GST reform in the national interest

20 April, 2017

GST reform could pump billions into the national economy by incentivising states to grow under-developed industries, says Western Australia’s leading business advocate.

The Chamber of Commerce and Industry of Western Australia (CCI) says that because the current GST system elevates every state and territory’s service delivery capacity to the same level as the nation’s highest performing state, State Governments have less incentive to develop their local industries – particularly natural resources.

“The current GST system makes every state the richest house on the street – states do not need to strengthen their own natural resource industries because they know they can sit back and wait for the GST to bring them up to the leading state’s capacity every year,” CCI Chief Economist Rick Newnham said.

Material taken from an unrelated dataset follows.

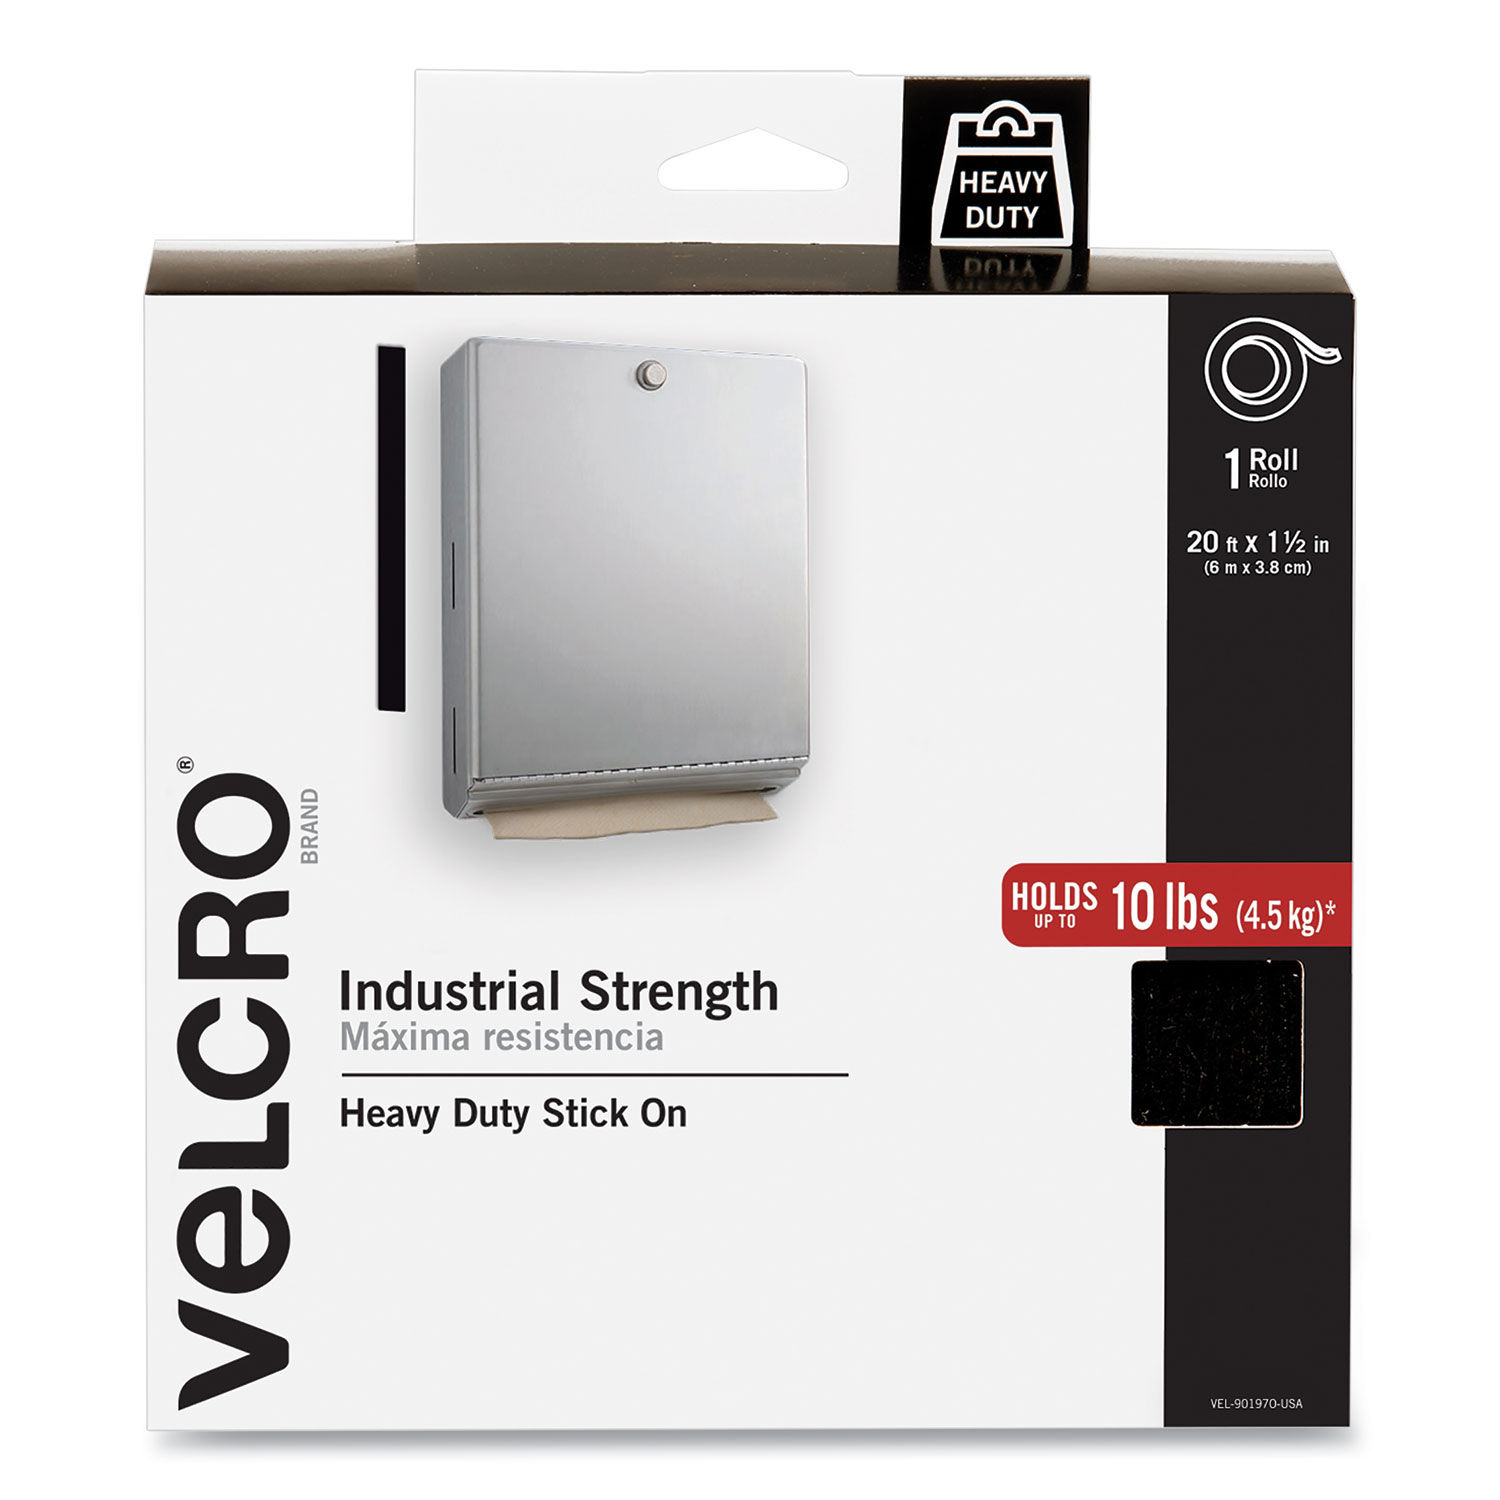 Industrial-Strength Heavy-Duty Fasteners with Dispenser Box by VELCROandreg; Brand VEK90197
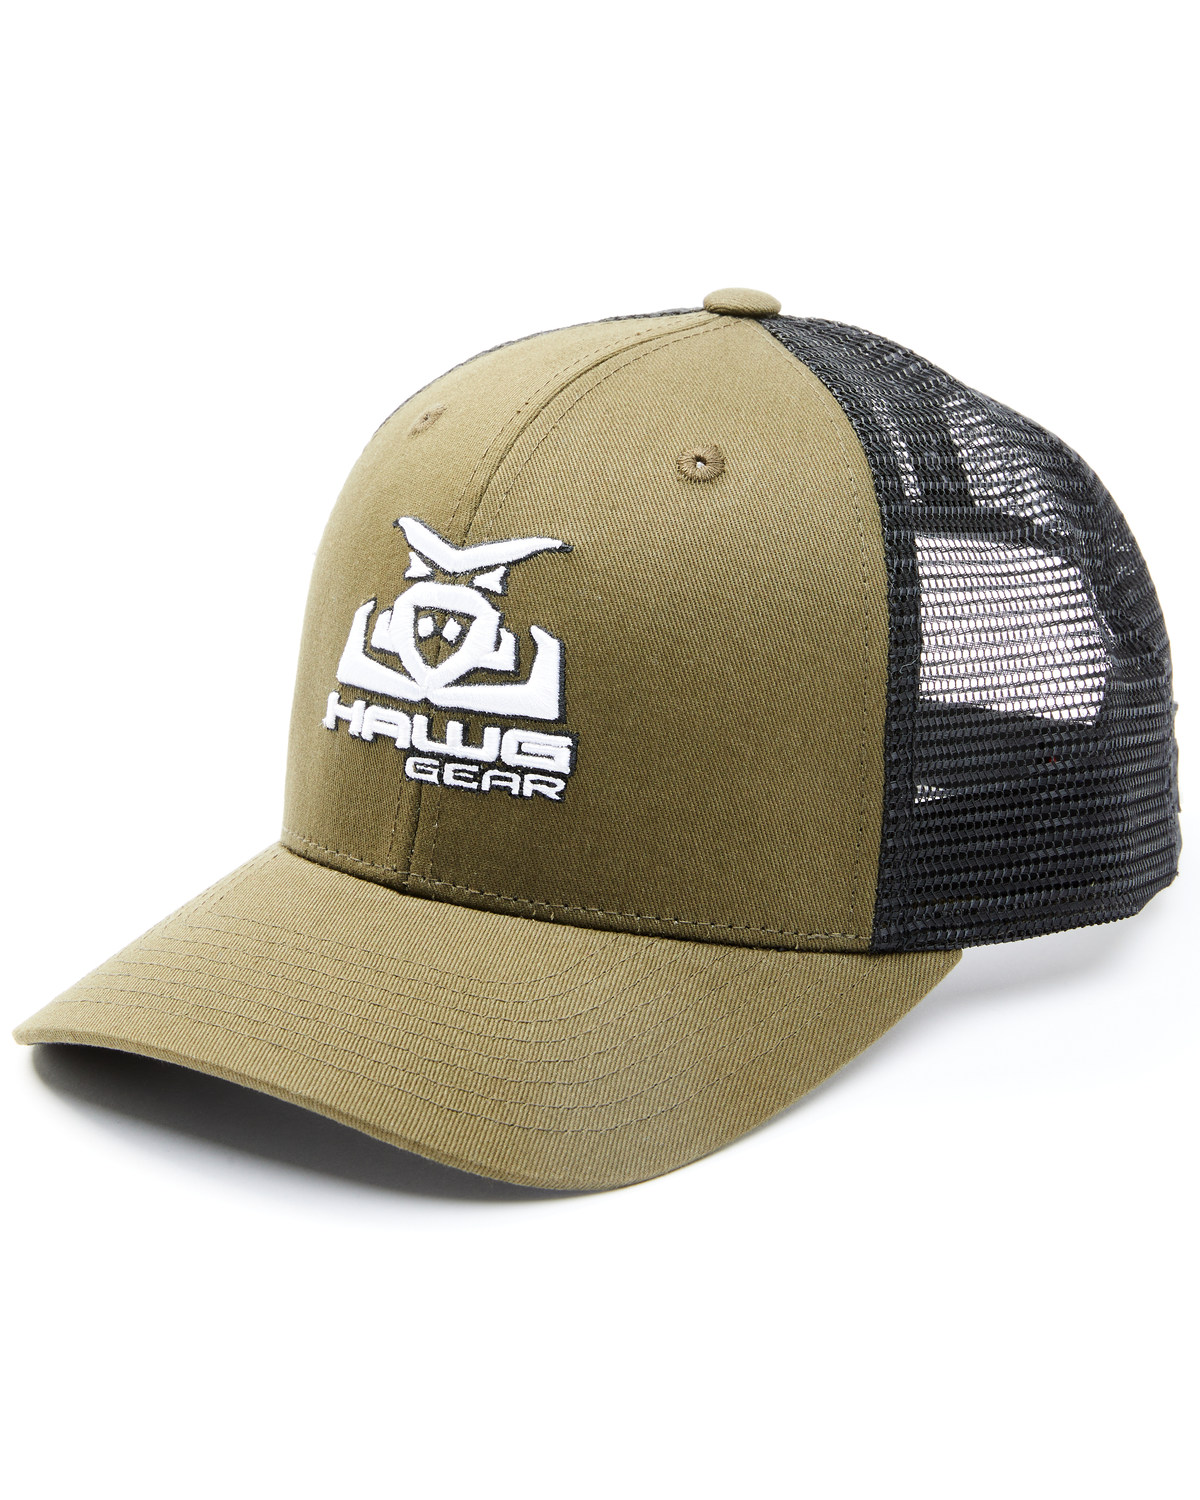 RopeSmart Men's Army Green & Black Embroidered Hawg Gear Logo Mesh-Back Trucker Cap

“Currently, some states pick up more GST revenue than they would need if they grew state resource industries and created local jobs – for example, if New South Wales and Victoria developed their onshore gas sectors they could create billion dollar industries and inject millions into their own state government revenue, but because they’ve banned unconventional gas, they receive GST that would have otherwise been distributed to WA and the rest of the country. GST is effectively removing an incentive for states to develop all their resource industries and as a result, the national economy suffers.

“CCI is calling for a ‘partial equalisation’ GST model to promote economic growth – rather than bringing every state up to the level of the nation’s highest performer, each state should be brought up to the national average of service delivery capacity, with the excess GST then distributed evenly among states and territories. This will ensure each Australian citizen has access to the national average of public services, but will also drive individual states and territories to develop their own industries and grow the national economy.

“CCI is calling on the Commonwealth Government to direct the Productivity Commission to review the economic benefits of changing the GST distribution to a partial equalisation system.”

CCI’s 9000 members have identified the GST carve up as a key area of concern for Western Australian businesses.

Mr Newnham will join four senior WA business leaders in Canberra later this year to discuss GST reform.

“The debate on GST distribution needs to focus on the national interest of economic growth and not the finances of any one particular state – it has become increasingly clear that the current distribution method is too complicated, opaque and has removed incentives for states to grow their economies,” Mr Newnham said.

"We cannot blame WA’s state finances on the current GST distribution model but we can focus on economic growth at the national level.”

“CCI looks forward to working with the WA business community, the new WA Labor Government and the Commonwealth to examine how GST reform could benefit not just Western Australia, but the entire nation.”